> **Excerpted records**:
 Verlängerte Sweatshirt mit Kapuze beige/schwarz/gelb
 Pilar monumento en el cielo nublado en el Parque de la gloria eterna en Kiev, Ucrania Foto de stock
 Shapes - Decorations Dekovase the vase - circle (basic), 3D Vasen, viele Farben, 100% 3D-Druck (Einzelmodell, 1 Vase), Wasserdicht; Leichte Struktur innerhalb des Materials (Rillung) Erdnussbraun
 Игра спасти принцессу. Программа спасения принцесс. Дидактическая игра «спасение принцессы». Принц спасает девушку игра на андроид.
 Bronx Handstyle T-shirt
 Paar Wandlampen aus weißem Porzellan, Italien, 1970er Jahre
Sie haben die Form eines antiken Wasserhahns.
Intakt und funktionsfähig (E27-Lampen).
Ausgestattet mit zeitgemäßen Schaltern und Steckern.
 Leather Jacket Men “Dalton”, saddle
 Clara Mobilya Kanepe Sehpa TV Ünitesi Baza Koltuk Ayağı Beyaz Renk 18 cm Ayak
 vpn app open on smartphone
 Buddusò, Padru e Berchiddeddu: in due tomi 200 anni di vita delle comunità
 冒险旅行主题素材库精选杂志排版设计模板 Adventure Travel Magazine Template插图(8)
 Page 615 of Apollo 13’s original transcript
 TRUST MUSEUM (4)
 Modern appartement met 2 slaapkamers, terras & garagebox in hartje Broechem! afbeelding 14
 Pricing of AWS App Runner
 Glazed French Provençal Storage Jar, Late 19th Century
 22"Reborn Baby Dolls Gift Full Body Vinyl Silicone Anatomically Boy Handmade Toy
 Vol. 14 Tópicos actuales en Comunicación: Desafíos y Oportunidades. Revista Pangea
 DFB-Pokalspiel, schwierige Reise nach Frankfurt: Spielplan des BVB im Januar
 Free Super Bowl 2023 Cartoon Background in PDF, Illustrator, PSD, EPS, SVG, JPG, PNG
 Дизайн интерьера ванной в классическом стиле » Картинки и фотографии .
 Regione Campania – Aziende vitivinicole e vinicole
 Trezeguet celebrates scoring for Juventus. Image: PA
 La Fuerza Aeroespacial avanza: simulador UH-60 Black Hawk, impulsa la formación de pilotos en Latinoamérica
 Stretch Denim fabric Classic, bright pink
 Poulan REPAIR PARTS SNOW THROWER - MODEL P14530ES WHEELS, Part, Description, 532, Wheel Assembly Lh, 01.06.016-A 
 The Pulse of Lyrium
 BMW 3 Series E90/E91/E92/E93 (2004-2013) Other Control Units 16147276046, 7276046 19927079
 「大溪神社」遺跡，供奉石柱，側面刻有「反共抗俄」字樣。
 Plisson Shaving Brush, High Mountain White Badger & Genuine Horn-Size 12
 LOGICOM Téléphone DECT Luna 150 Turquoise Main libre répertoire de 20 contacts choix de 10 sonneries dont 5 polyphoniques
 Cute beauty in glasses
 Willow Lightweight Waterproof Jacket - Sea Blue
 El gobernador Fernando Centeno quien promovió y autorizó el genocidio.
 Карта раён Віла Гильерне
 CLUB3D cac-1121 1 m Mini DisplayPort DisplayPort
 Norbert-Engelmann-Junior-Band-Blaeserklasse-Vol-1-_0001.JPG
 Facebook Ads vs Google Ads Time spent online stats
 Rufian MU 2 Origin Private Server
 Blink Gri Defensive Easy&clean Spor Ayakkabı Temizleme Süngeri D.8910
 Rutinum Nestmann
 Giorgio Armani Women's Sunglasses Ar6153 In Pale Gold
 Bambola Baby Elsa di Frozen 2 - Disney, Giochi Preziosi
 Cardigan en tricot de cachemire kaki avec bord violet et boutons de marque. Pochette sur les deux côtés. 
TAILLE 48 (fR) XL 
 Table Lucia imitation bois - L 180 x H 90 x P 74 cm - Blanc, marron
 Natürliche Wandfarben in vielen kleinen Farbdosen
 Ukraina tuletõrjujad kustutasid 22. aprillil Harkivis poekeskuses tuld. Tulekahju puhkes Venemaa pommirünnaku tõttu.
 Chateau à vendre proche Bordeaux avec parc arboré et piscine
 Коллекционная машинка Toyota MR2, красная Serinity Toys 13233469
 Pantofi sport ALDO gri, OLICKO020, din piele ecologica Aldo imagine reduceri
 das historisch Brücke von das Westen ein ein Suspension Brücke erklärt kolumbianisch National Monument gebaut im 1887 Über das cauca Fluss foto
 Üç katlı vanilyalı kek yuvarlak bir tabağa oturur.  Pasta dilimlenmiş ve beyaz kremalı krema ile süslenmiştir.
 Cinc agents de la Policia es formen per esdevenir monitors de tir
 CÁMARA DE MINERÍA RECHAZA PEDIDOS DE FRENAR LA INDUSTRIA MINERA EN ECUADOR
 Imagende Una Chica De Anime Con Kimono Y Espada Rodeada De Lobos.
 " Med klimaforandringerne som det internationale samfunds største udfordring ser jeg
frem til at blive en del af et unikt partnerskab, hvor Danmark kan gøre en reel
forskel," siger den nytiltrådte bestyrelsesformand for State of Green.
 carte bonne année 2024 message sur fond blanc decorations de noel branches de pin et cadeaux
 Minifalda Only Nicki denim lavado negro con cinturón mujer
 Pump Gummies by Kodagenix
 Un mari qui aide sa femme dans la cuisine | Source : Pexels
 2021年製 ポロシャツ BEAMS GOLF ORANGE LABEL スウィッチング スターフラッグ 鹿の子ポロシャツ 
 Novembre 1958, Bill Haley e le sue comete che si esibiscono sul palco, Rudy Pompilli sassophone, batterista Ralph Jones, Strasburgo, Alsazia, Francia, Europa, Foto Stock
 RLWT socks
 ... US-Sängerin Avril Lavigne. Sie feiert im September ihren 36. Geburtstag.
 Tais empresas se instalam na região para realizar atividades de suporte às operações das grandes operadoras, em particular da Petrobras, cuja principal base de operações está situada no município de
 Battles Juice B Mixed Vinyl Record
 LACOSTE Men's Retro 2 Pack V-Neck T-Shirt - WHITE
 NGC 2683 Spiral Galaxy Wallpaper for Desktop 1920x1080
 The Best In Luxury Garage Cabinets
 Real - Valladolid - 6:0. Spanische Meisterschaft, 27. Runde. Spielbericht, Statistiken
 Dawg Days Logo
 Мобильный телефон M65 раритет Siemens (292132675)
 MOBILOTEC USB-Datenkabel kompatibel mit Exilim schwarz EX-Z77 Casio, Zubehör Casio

> **What you will do**:
Search term "Jacket": return each line of the data that contains it.

> **Result below**:
 Leather Jacket Men “Dalton”, saddle
 Willow Lightweight Waterproof Jacket - Sea Blue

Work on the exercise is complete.